**** RECORDED INFORMATION ****
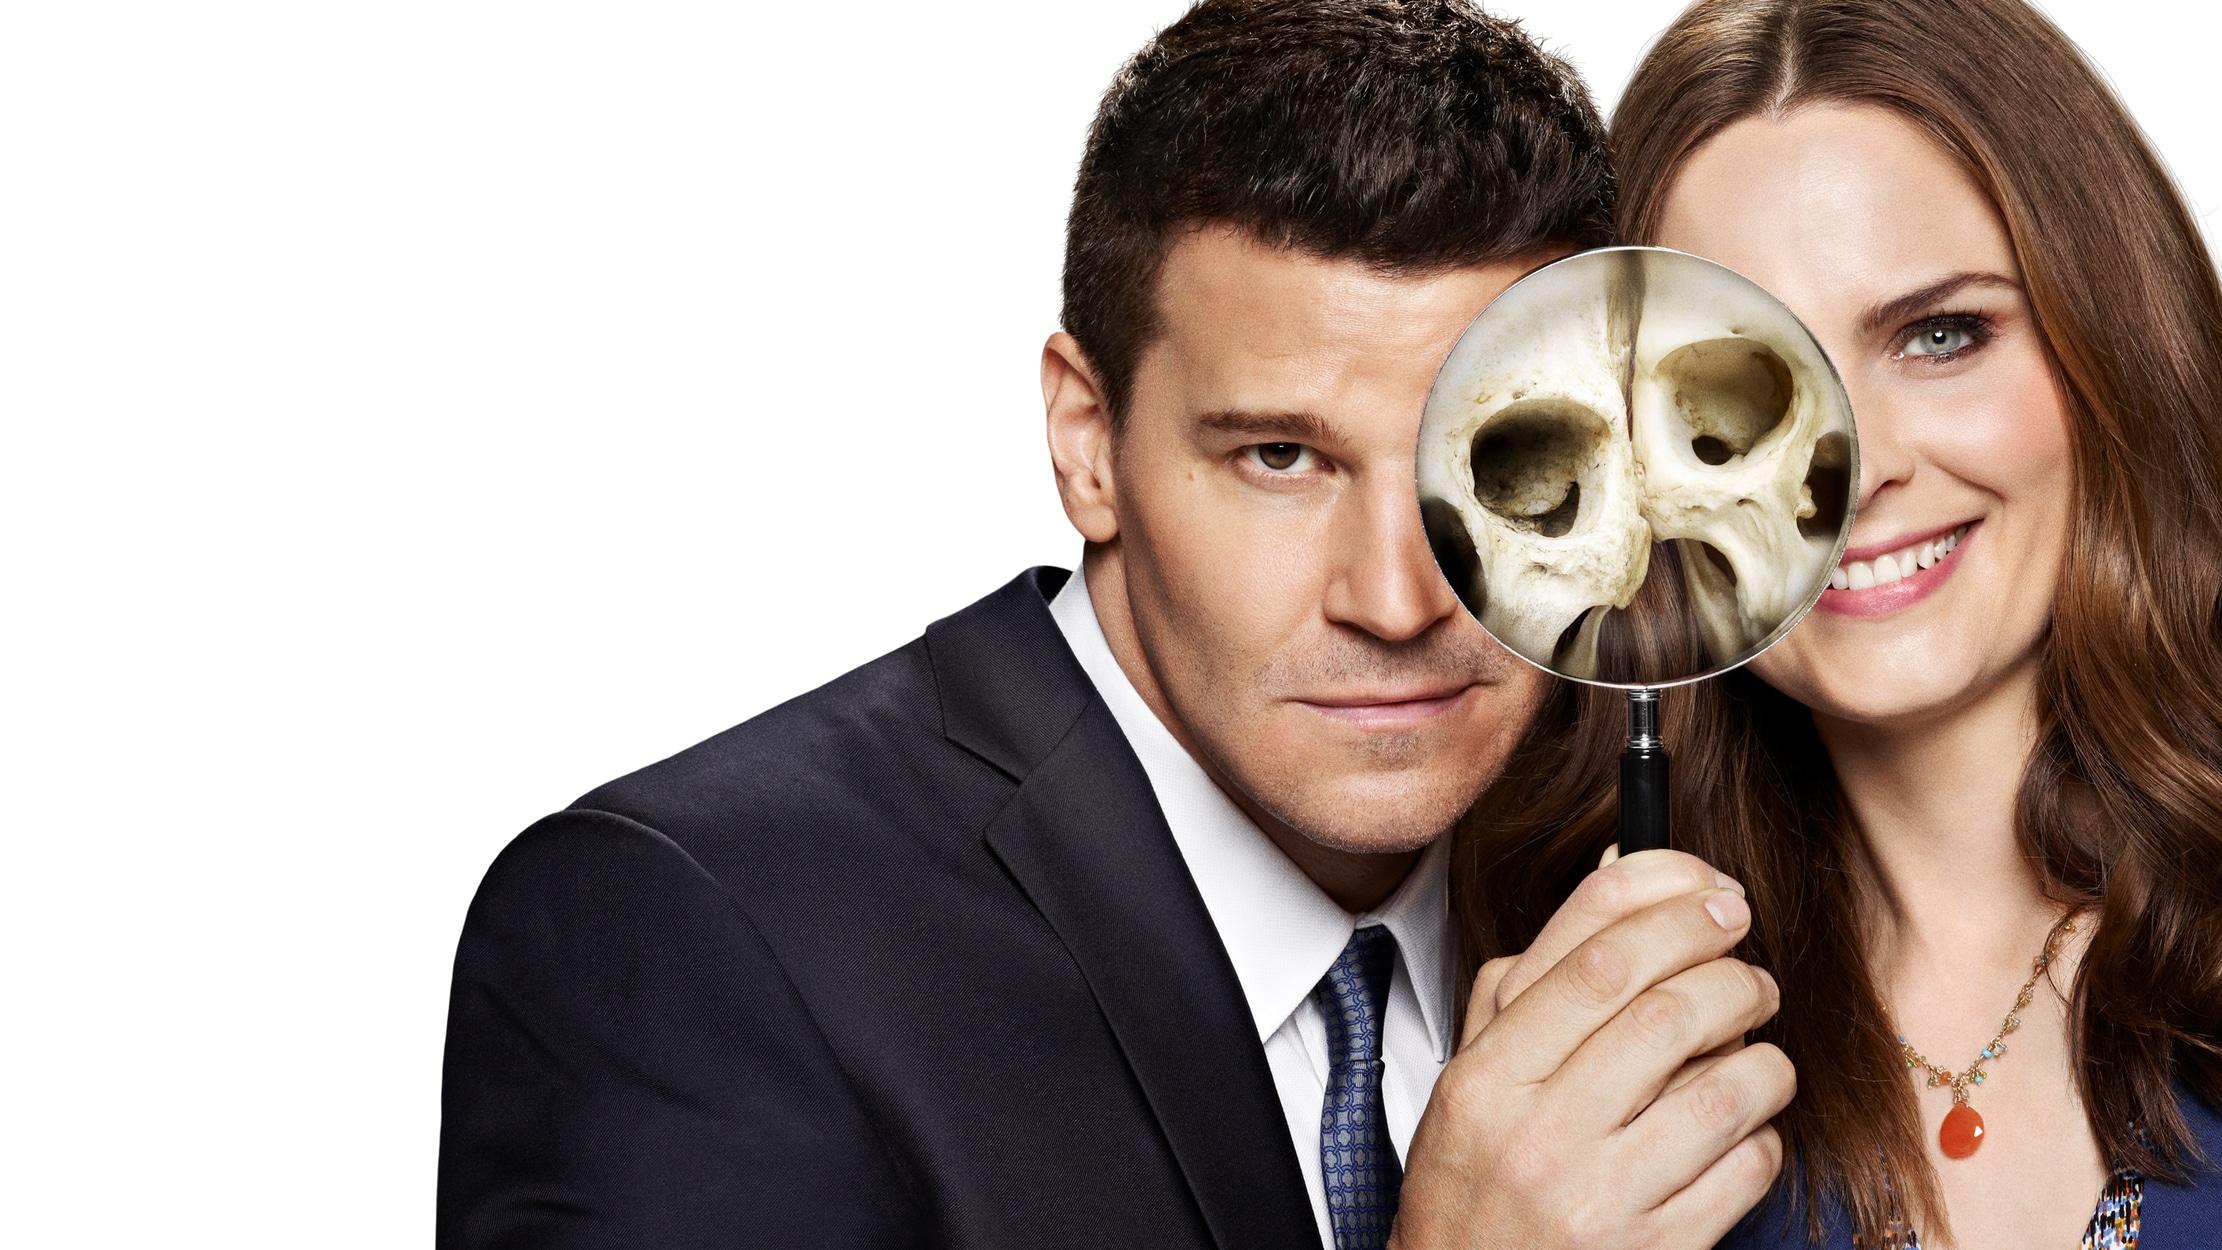 Bones seriesDetail
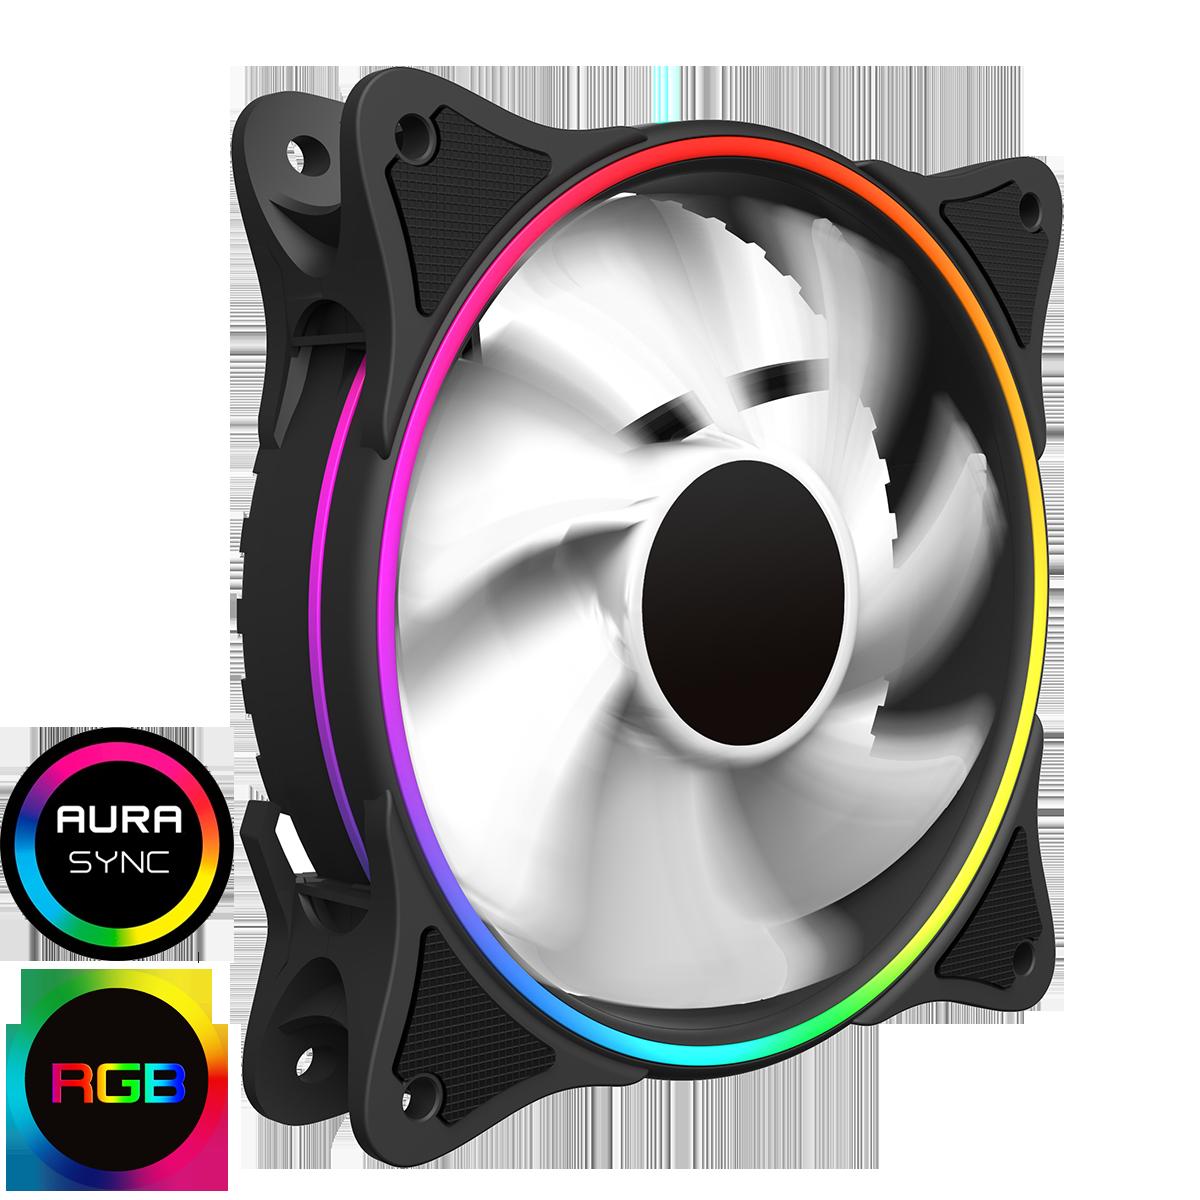 Mirage White Fins Rainbow RGB 5V Addressable 3pin Header & 3pin M/B
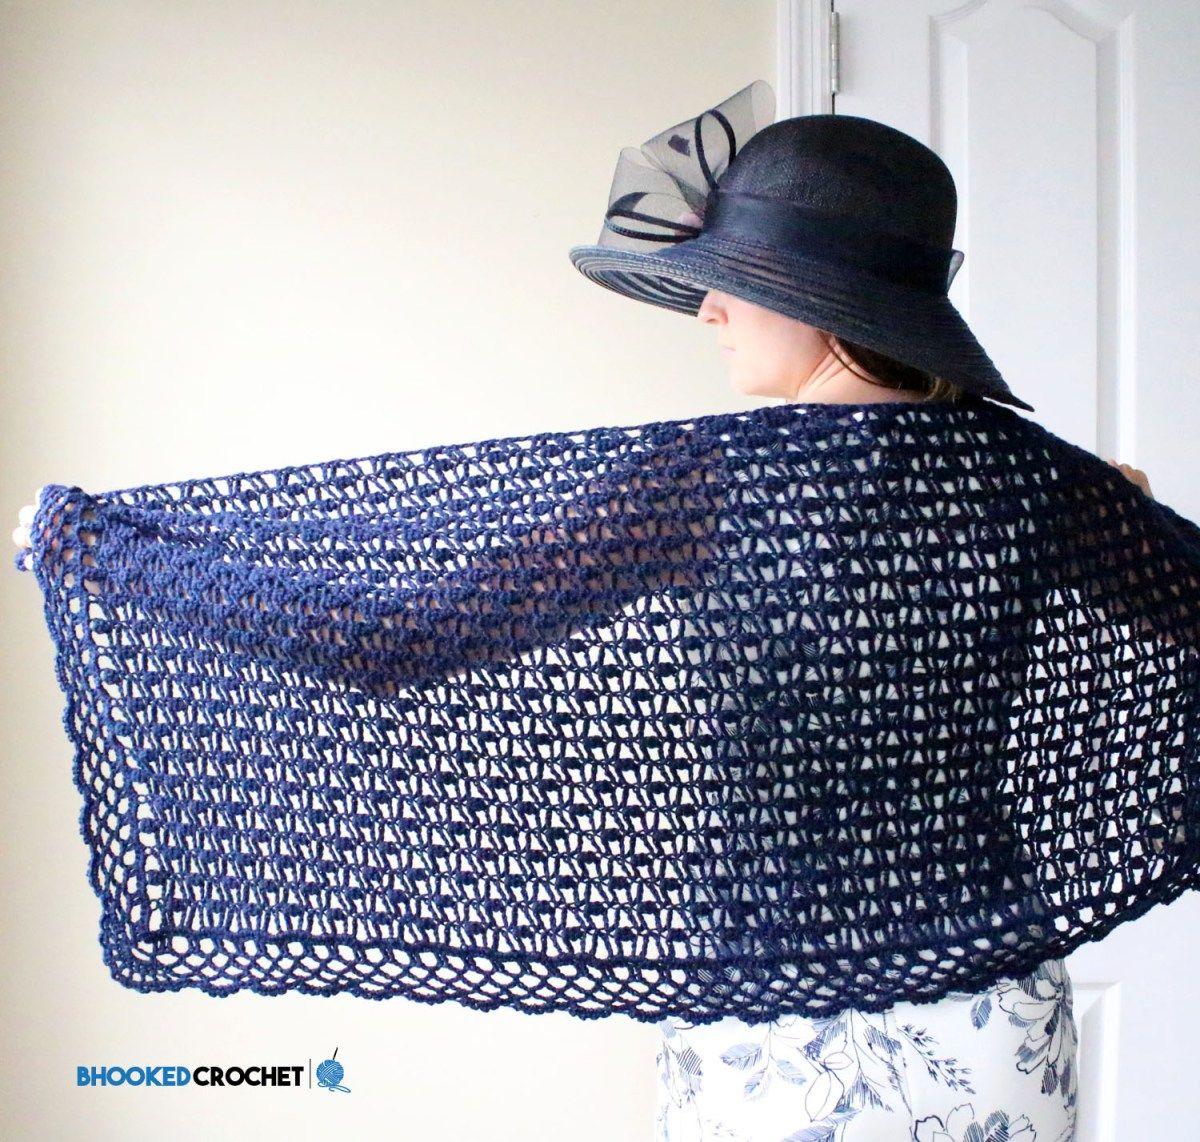 Day at the Oaks Lace Crochet Wrap - Free Pattern | Crochet shawl ...
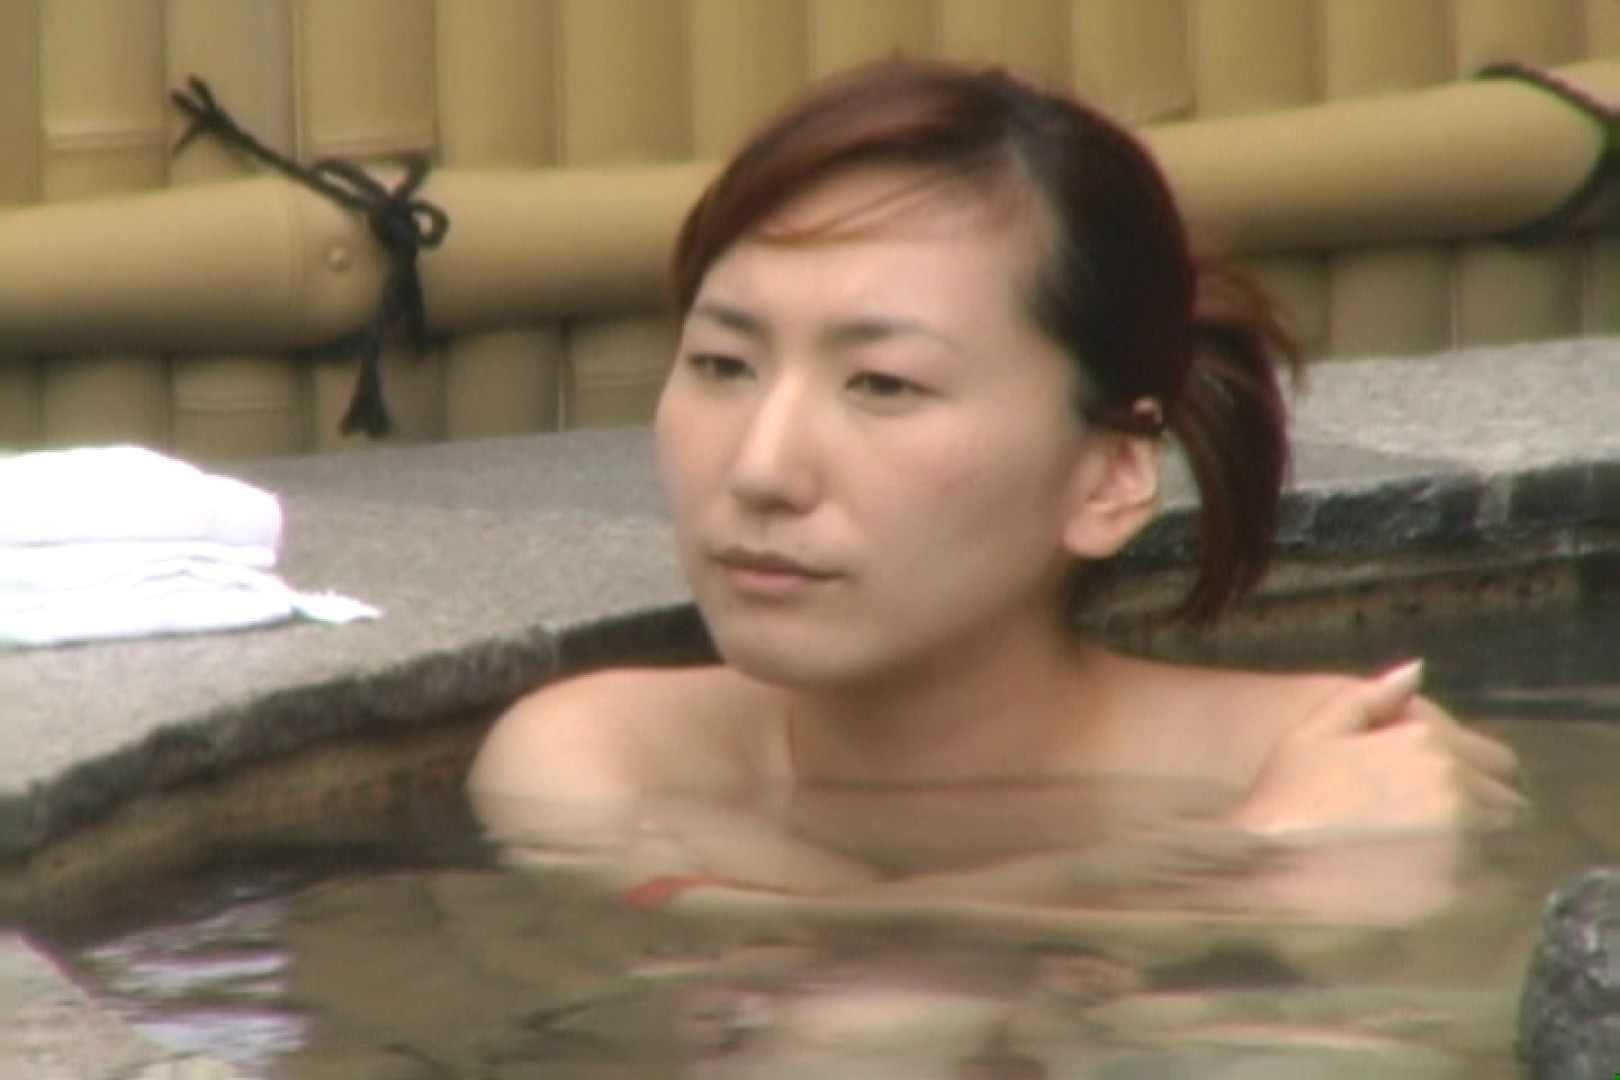 Aquaな露天風呂Vol.616 露天風呂編   盗撮シリーズ  89PIX 59
****
Before copying the data, remove the pictures. Then repeat the rest exactly.

 Bones seriesDetail
 Mirage White Fins Rainbow RGB 5V Addressable 3pin Header & 3pin M/B
 Day at the Oaks Lace Crochet Wrap - Free Pattern | Crochet shawl ...
 Aquaな露天風呂Vol.616 露天風呂編   盗撮シリーズ  89PIX 59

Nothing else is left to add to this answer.